Is Hydrocortisone Cream Safe to Use on Dogs? Here's What a Vet Says
Do you have an itchy dog? If your pupper has skin irritation that's making him miserable, you might have a quick fix in your medicine cabinet. You can use hydrocortisone cream on your dog in most cases. Like in people, it helps treat mild rashes, itchy skin, and bug bites in canines, too. But there are a few things you should know before using it, including how to safely apply it, why it's not a long-term solution, and when to avoid using it. Read on to learn more about this over-the-counter skin soother.
What is Hydrocortisone?
Hydrocortisone is a steroid medication that reduces inflammation. It comes in cream and spray forms to apply to the skin. "It can decrease skin inflammation within 30 minutes of applying it and usually stops itching in one to two hours," says Lindsay Butzer, a veterinarian and spokesperson for pet-supplement company Zesty Paws.
But she cautions that using steroid medications can also have a negative effect. "Steroids are a double-edged sword because they're good at decreasing inflammation and pain, but they also slow healing and suppress the immune system."
Can I Put Hydrocortisone on My Dog?
Hydrocortisone is generally safe to use on dogs. But if your dog is pregnant or has another illness, avoid using it until you consult with your veterinarian to make sure it's safe. Also, opt for the cream version, advises GoodRx. Hydrocortisone sprays and gels that contain alcohol can make pets sick if they lick them off.
Other over-the-counter medications safe to use on canine skin include Neosporin—an antibiotic ointment—and Benadryl cream, a topical pain reliever. "Hydrocortisone cream is usually more effective than Benadryl cream," says Butzer. "But oral Benadryl can help with reducing inflammation in the affected area."
If you decide to try oral diphenhydramine (Benadryl) for your dog's irritated, itchy skin, here's a safe rule of thumb for dosing: Give 1 to 2 mg of Benadryl per pound. For example, a 25-pound dog can have 25 to 50 mg of oral Benadryl. Note that this drug can cause drowsiness, especially at higher doses.
Supplements developed for dogs may also help decrease inflammation in dogs with allergies, says Butzer.

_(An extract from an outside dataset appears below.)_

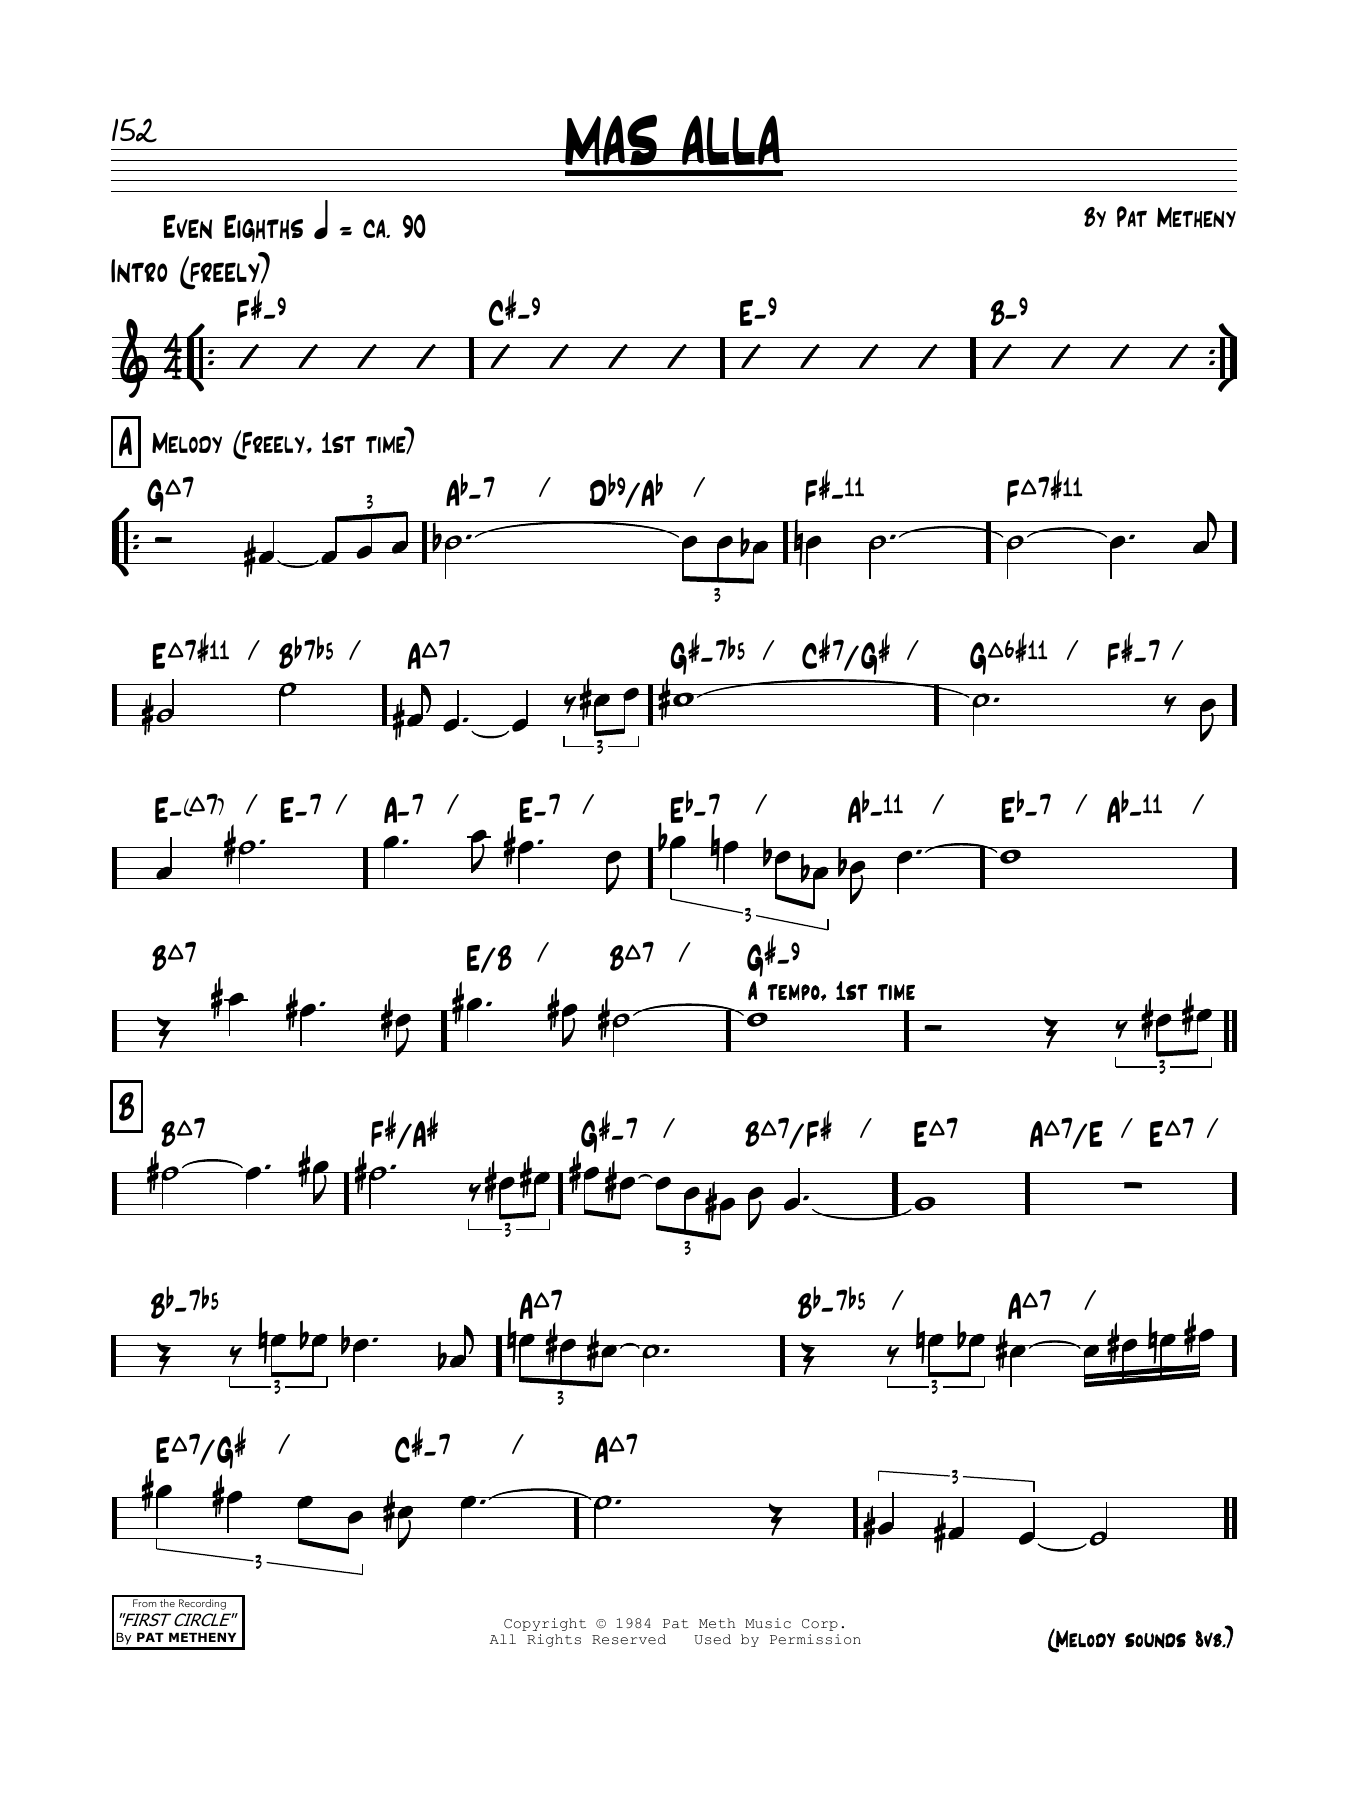 Pat Metheny Mas Alla Sheet Music Notes & Chords for Real Book – Melody & Chords - Download or Print PDF

Look for ones that contain fish oil or turmeric.
Common Uses for Topical Hydrocortisone in Dogs
You can use hydrocortisone cream on dogs to soothe minor irritations like bug bites and small rashes. Vets often recommend it to treat skin allergies, inflammatory skin diseases, infections such as hot spots, and to help decrease ear inflammation in dogs with severe ear infections, says Butzer.
How to Use Hydrocortisone on Dogs
You can apply hydrocortisone cream to the affected area once or twice a day. But before you do, make sure it's not an open wound. The cream should only be used on mild wounds and abrasions with closed skin (or a scab).
Apply the cream to the skin, not the fur, and wash your hands afterward. Keep your dog from licking the area for at least 30 minutes so the medication has time to sink in and start working to relieve discomfort.
If your pooch does have an itchy scab, apply the cream to the surrounding skin but not directly on the scab, cautions Butzer. Moisture from the cream could break down the scab.
Will My Dog Get Sick From Licking Hydrocortisone Cream?
Some dogs are pretty persistent when it comes to scratching, gnawing, or licking an area that's bothering them. If your furry pal insists on licking the spot where you applied hydrocortisone cream, it may cause some mild symptoms, says Butzer, including:
- Increased hunger or thirst
- Pacing around the house
Your pooch may need an Elizabethan collar to prevent ingestion of hydrocortisone cream, especially if you need to apply the cream for several days. The cone-shaped collar prevents pups from being able to lick or chew any part of the body.
How Much Hydrocortisone Can I Put on My Dog's Skin?
Hydrocortisone is a temporary fix and shouldn't be used for long periods of time. If your dog's skin continues to be red, irritated, or starts to ooze pus, it's time to seek veterinary care. Your vet can determine the underlying cause and treat it to get rid of the problem for good.